Editor’s Note: This is one in a series of articles on the pillars of Alaka`i O Kaua`i Charter School’s educational philosophy and approach.

So here we are. We’ve explored six of the seven habits and why they’re important to us and our learners at Alaka`i O Kaua`i Charter School, and hopefully by this point you feel more equipped and empowered to approach your own life and work with clearer focus and vision.

But how do we maintain that energy?

That’s where Habit 7 comes in — Sharpen the Saw. Incorporating the 7 Habits into your life is all about achieving balance. But living a life in balance means taking the necessary time to renew yourself. It’s all up to you. You can renew yourself through relaxation, or you can totally burn yourself out by overdoing everything.

“Sharpen the Saw” means preserving and enhancing the greatest asset you have — you. It means having a balanced program for self-renewal in the four areas of your life: physical, social/emotional, mental, and spiritual. Here are some examples:

  • Physical: Beneficial eating, exercising, and resting.
  • Social/Emotional: Making social and meaningful connections with others.
  • Mental: Learning, reading, writing, and teaching.
  • Spiritual: Spending time in nature, expanding spiritual self through meditation, music, art, prayer, or service, etc.

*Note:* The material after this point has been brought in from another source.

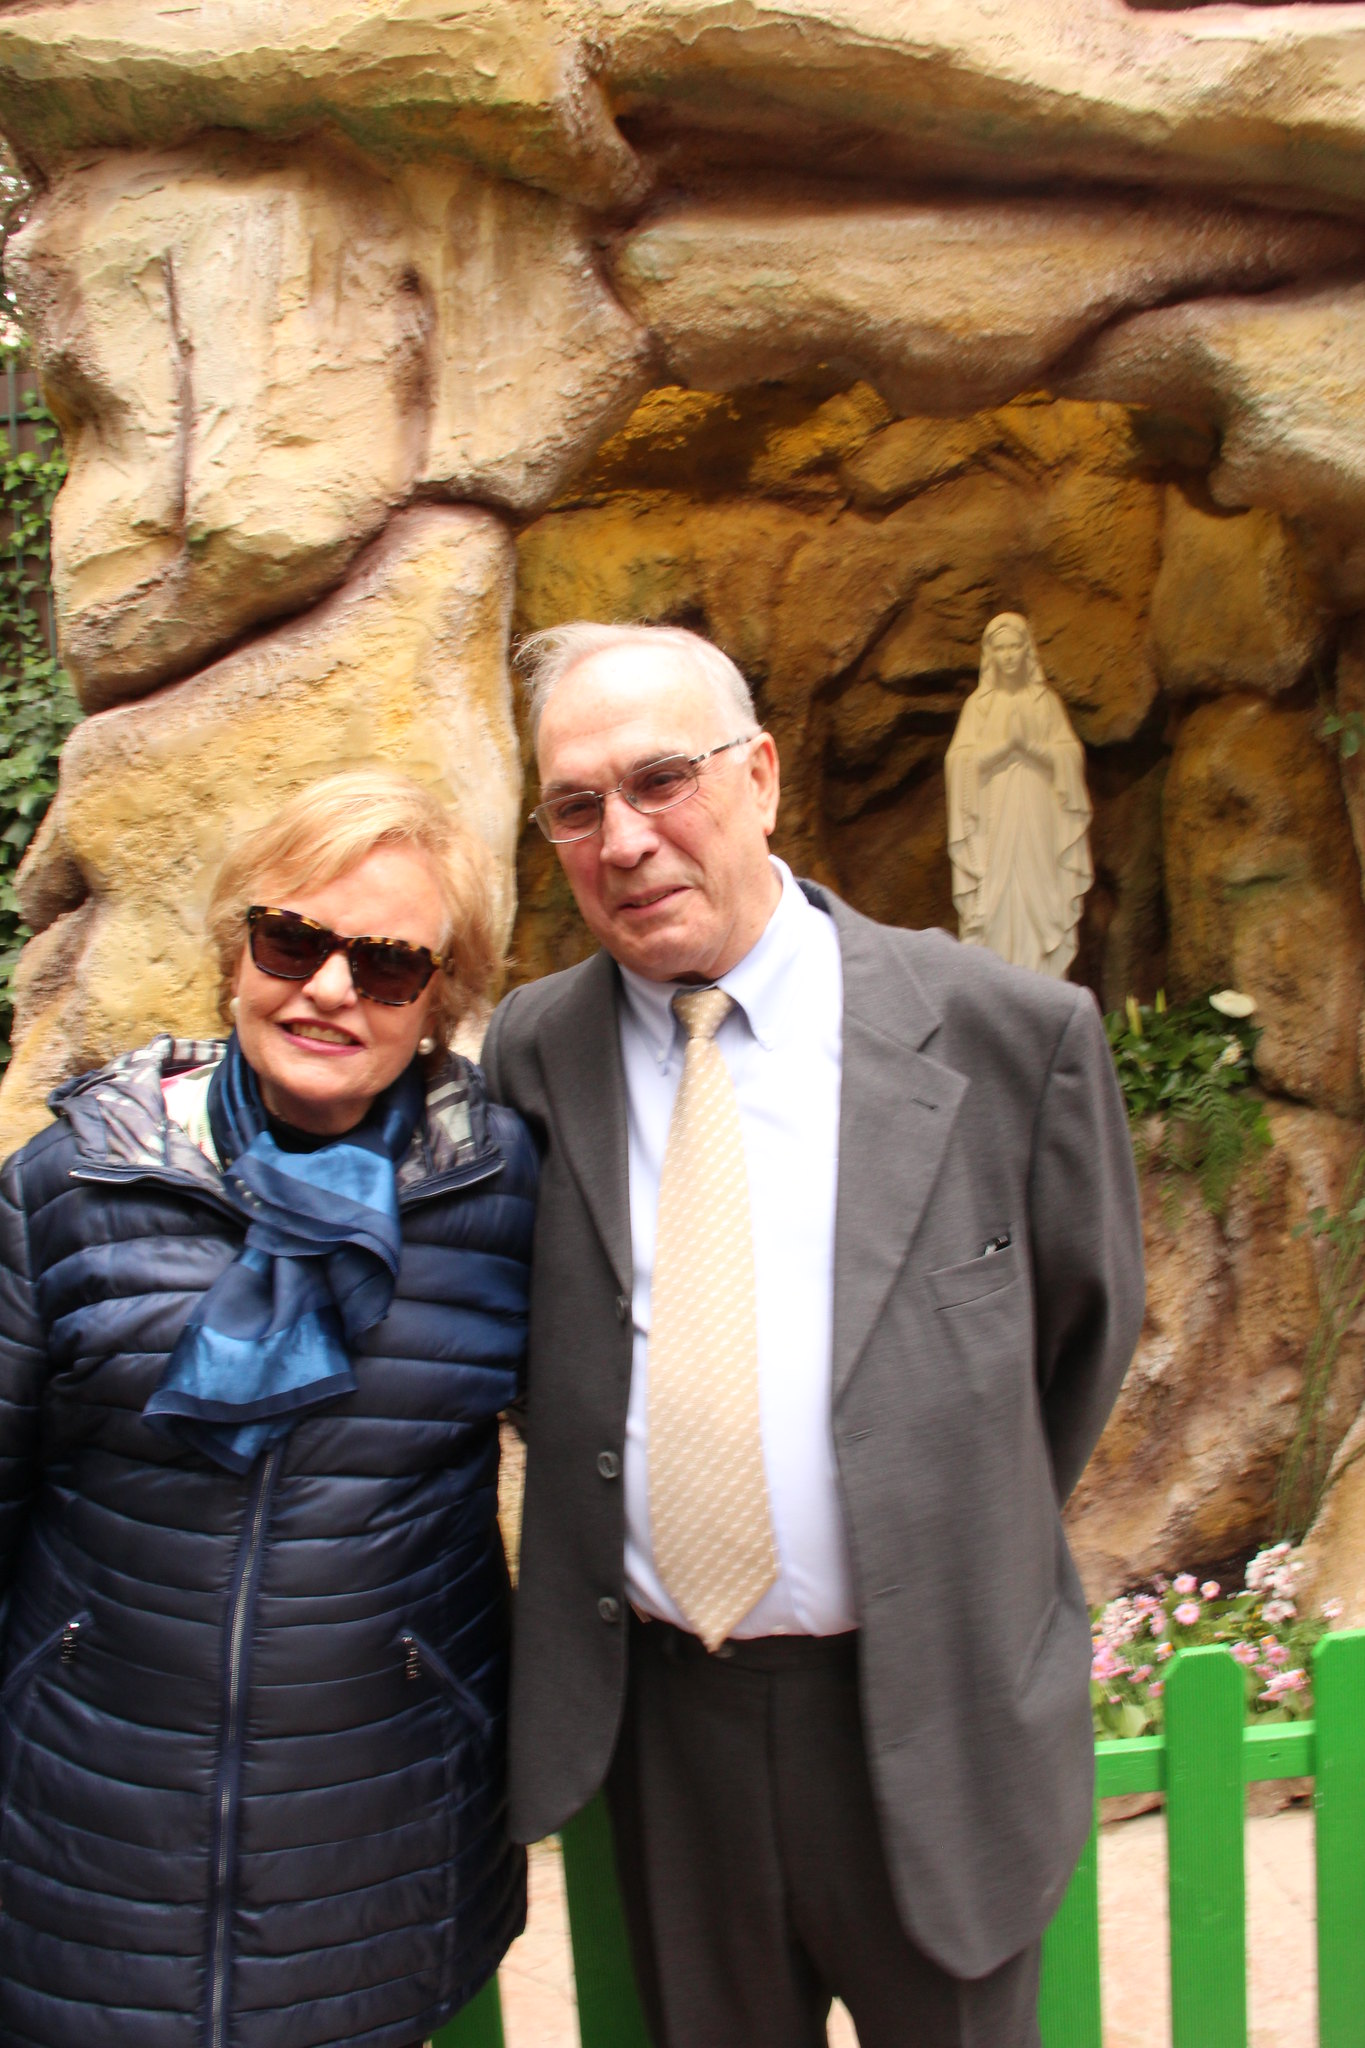 (2016-02-13) - Inauguración Virgen De Lourdes, La Molineta - Archivo La Molineta (100)

The point is, if we don’t take the time to recharge and renew ourselves regularly, we will burn out and find our efforts stale.

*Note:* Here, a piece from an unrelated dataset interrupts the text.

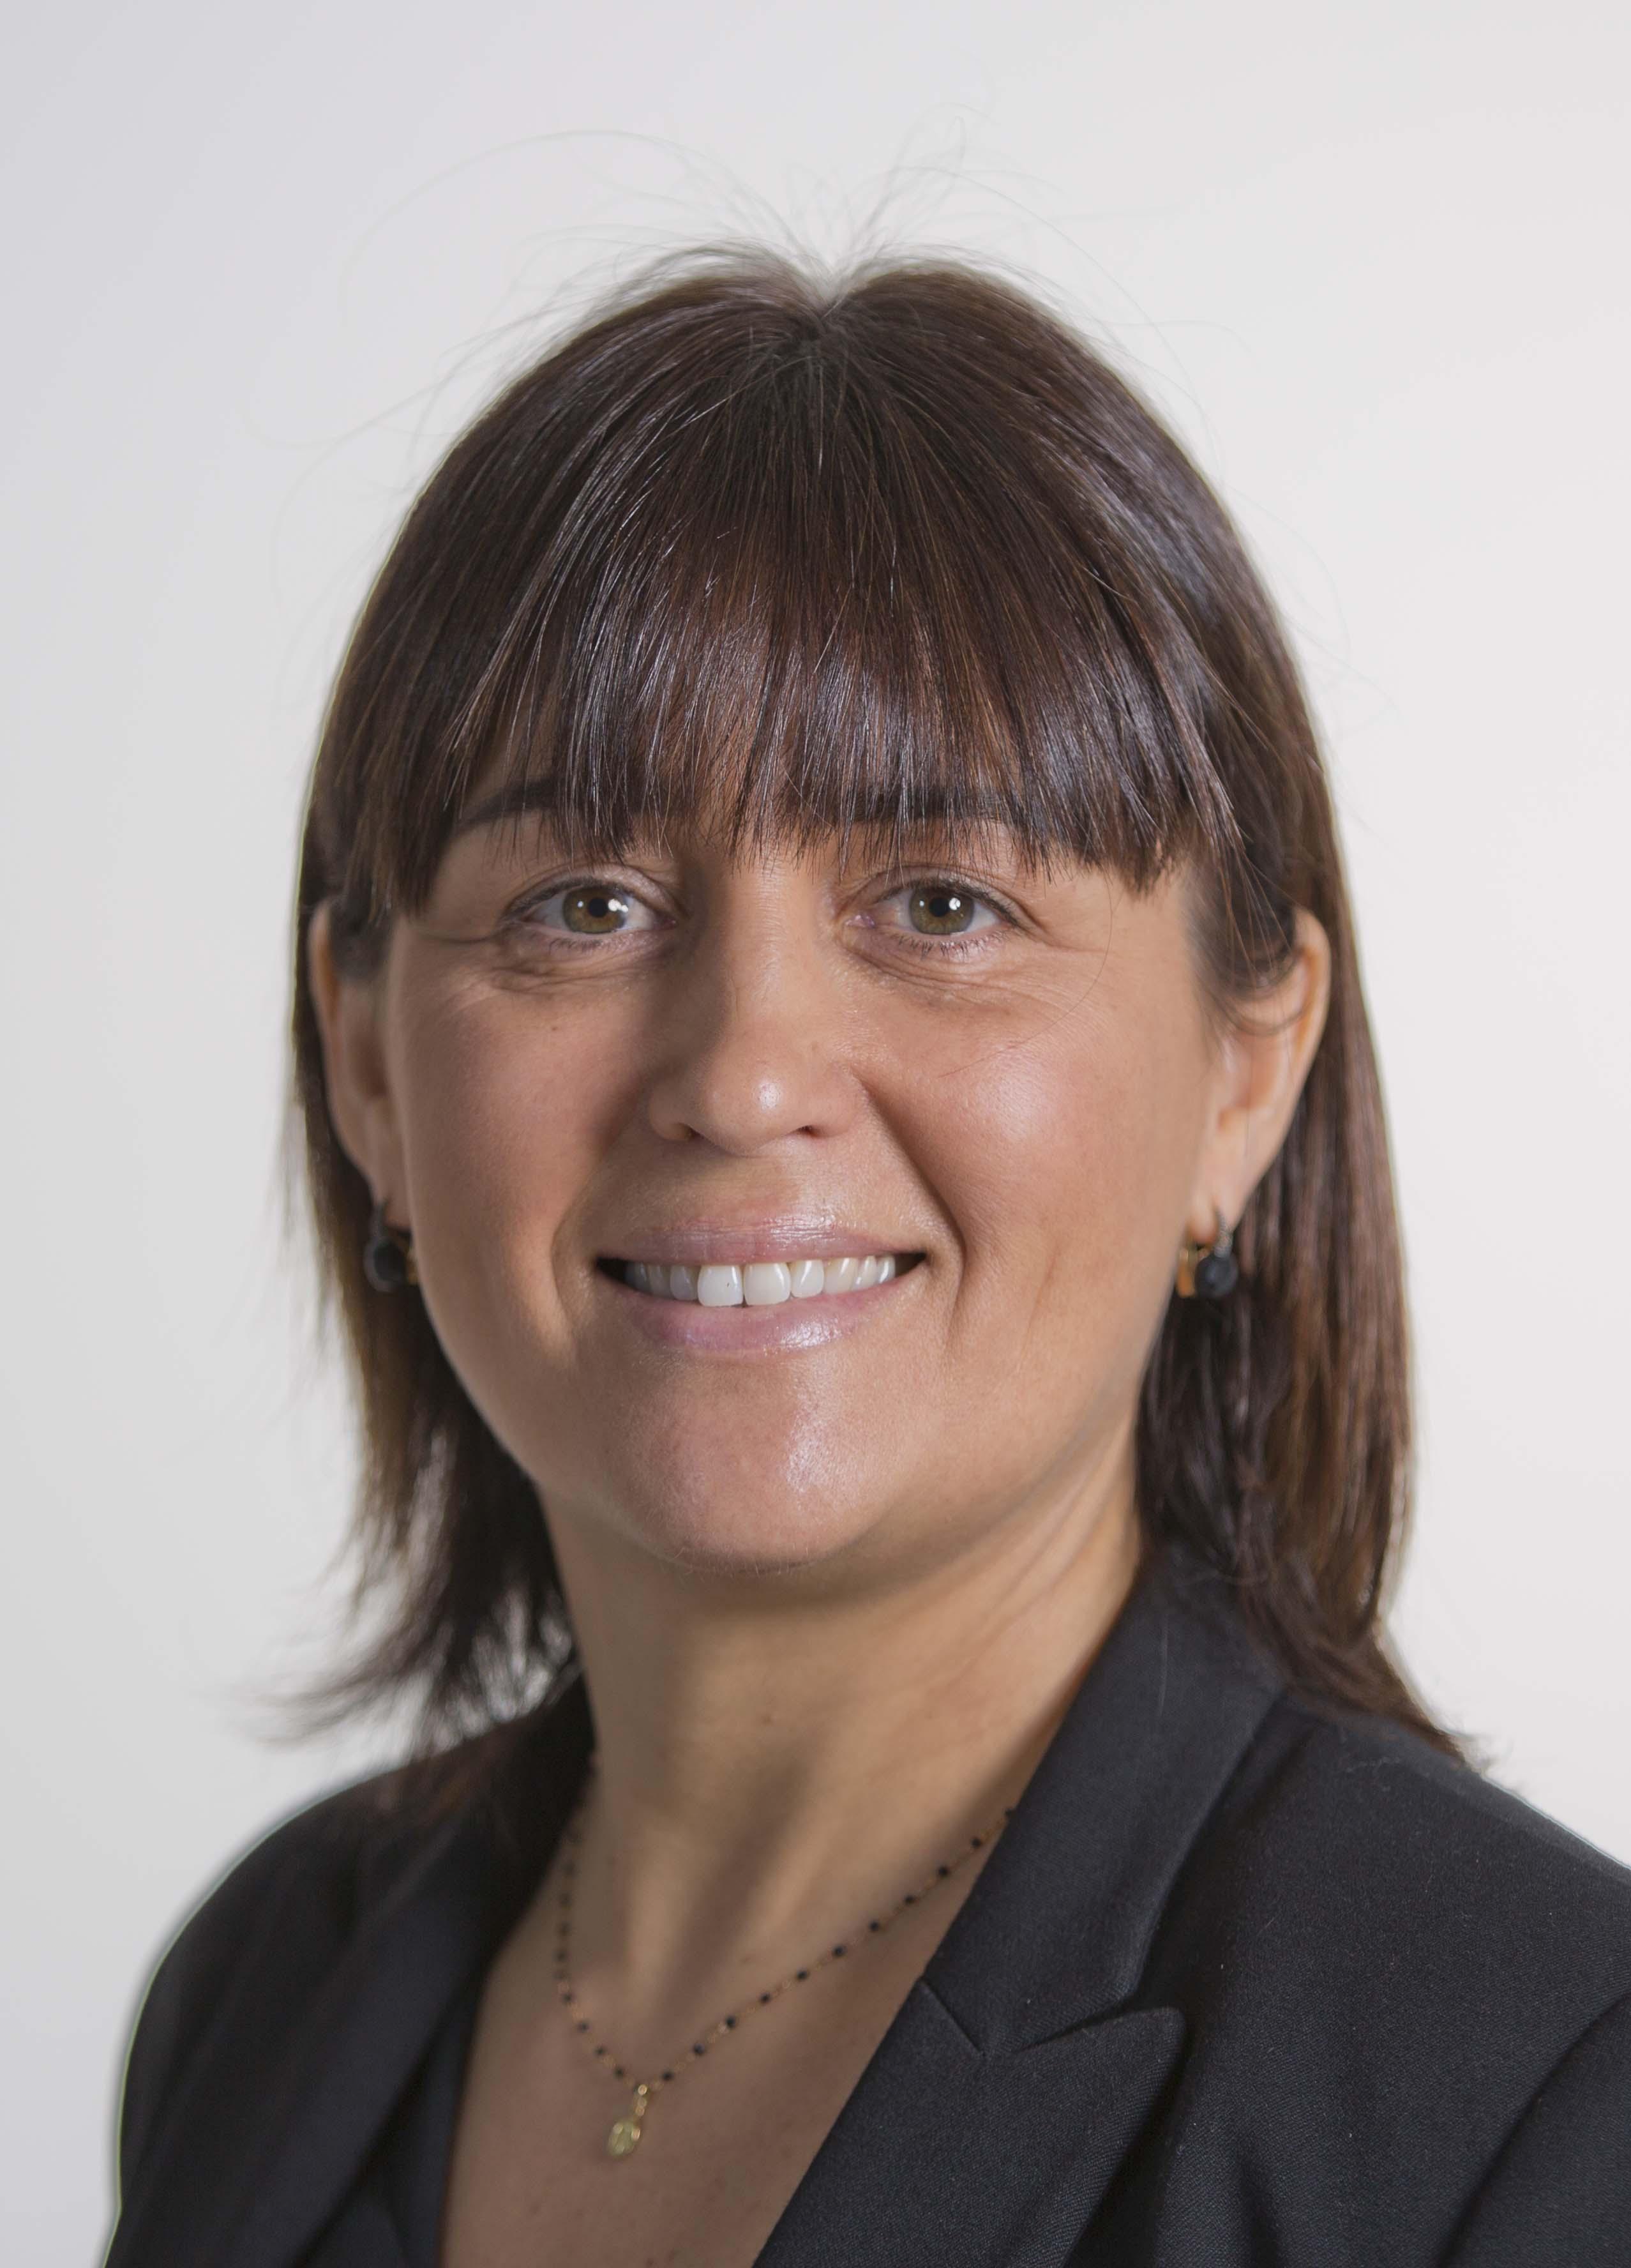 Christelle Combette

As Dr. Steven Covey said, “Renewal is the principle — and the process — that empowers us to move on an upward spiral of growth and change, of continuous improvement.”

What that sharpening looks like will vary from person to person. For you, sharpening the saw might mean taking a 10-15-minute walk every day where you can decompress and not focus on day-to-day responsibilities. Or maybe it means better structuring your workweek so on weekends you can focus primarily on family time. Whatever your saw-sharpening looks like, find something that works for you.

As the saying goes, the whole is greater than the sum of its parts. To make the most of the 7 Habits in improving yourself, your life, and your work, it cannot be a piecemeal effort. Each enhances and strengthens the others. Step by step, find the balance of incorporating each habit — and don’t neglect yourself. Sharpen that saw so that you can truly be your best.

For more information on the 7 Habits and other leadership resources, click here to visit the FranklinCovey website.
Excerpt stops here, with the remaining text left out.